Several of the top manufacturing process variables show clear linear relationships with product yield:

  • ManufacturingProcess32 and ManufacturingProcess09 have positive correlations with yield — as their values increase, the product yield tends to rise. This suggests that optimizing or increasing the conditions associated with these processes could help boost output.
  • ManufacturingProcess13, ManufacturingProcess17, and ManufacturingProcess36 show negative correlations, meaning higher values of these process variables are associated with lower yields. These might represent conditions (like temperature, pressure, or time) that need tighter control or possible reduction to prevent yield loss.

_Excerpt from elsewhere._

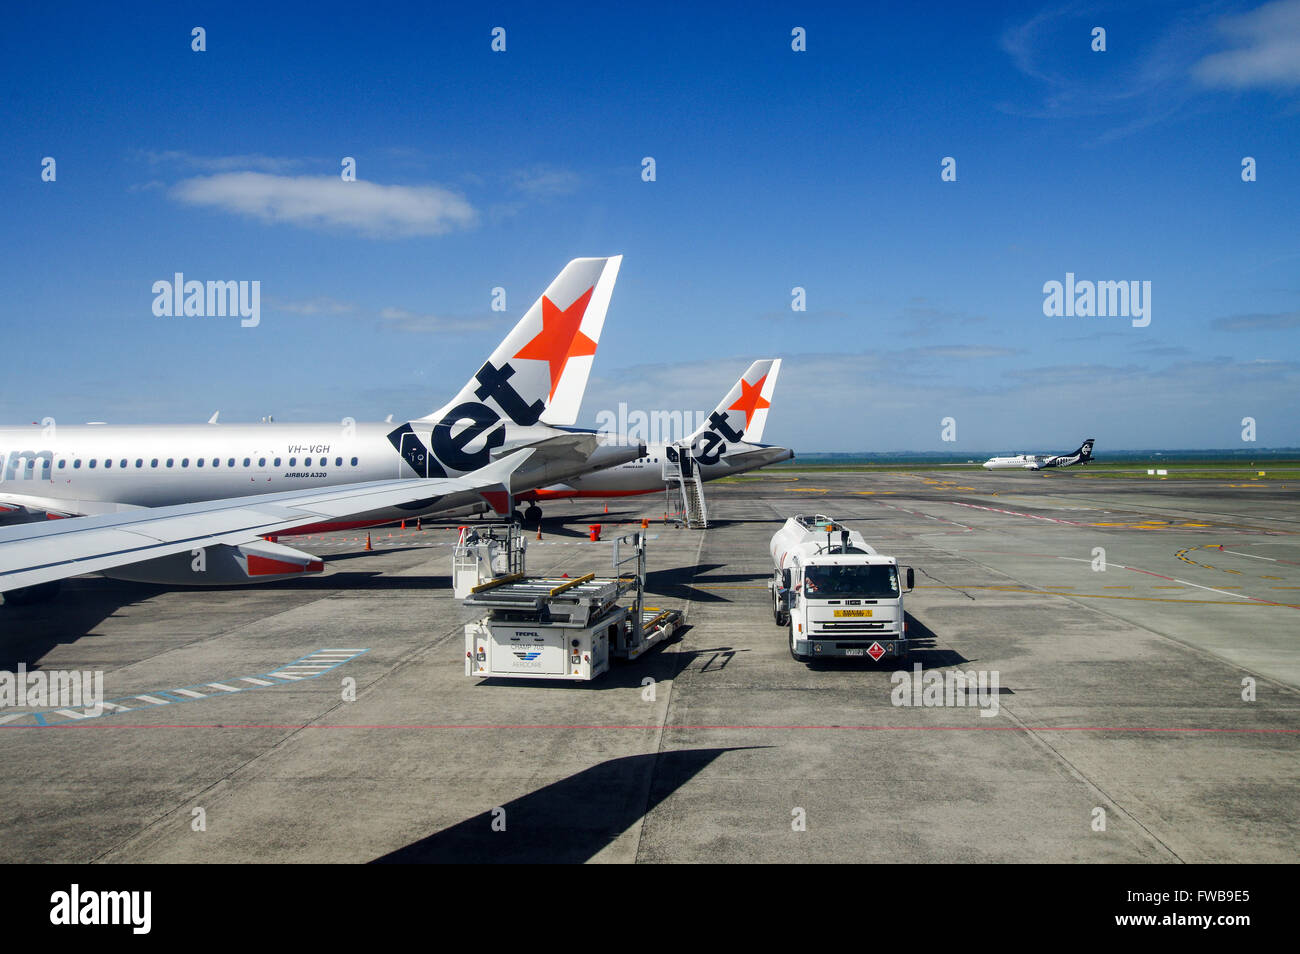 Tails von Jetstar Flugzeug geparkt auf dem Vorfeld in Auckland Flughafen mit Air New Zealand Rollen im Hintergrund Stockfoto

Understanding these relationships helps engineers and scientists focus process optimization efforts:

  • Increasing the parameters tied to Process32 and Process09 could enhance yield efficiency.
  • Investigating and fine-tuning the steps linked to Process13, Process17, and Process36 could reduce variability and waste.

In future manufacturing runs, these insights could guide targeted adjustments and experimental trials to identify optimal process settings and result in improving yield consistency and overall productivity without needing to test every variable blindly.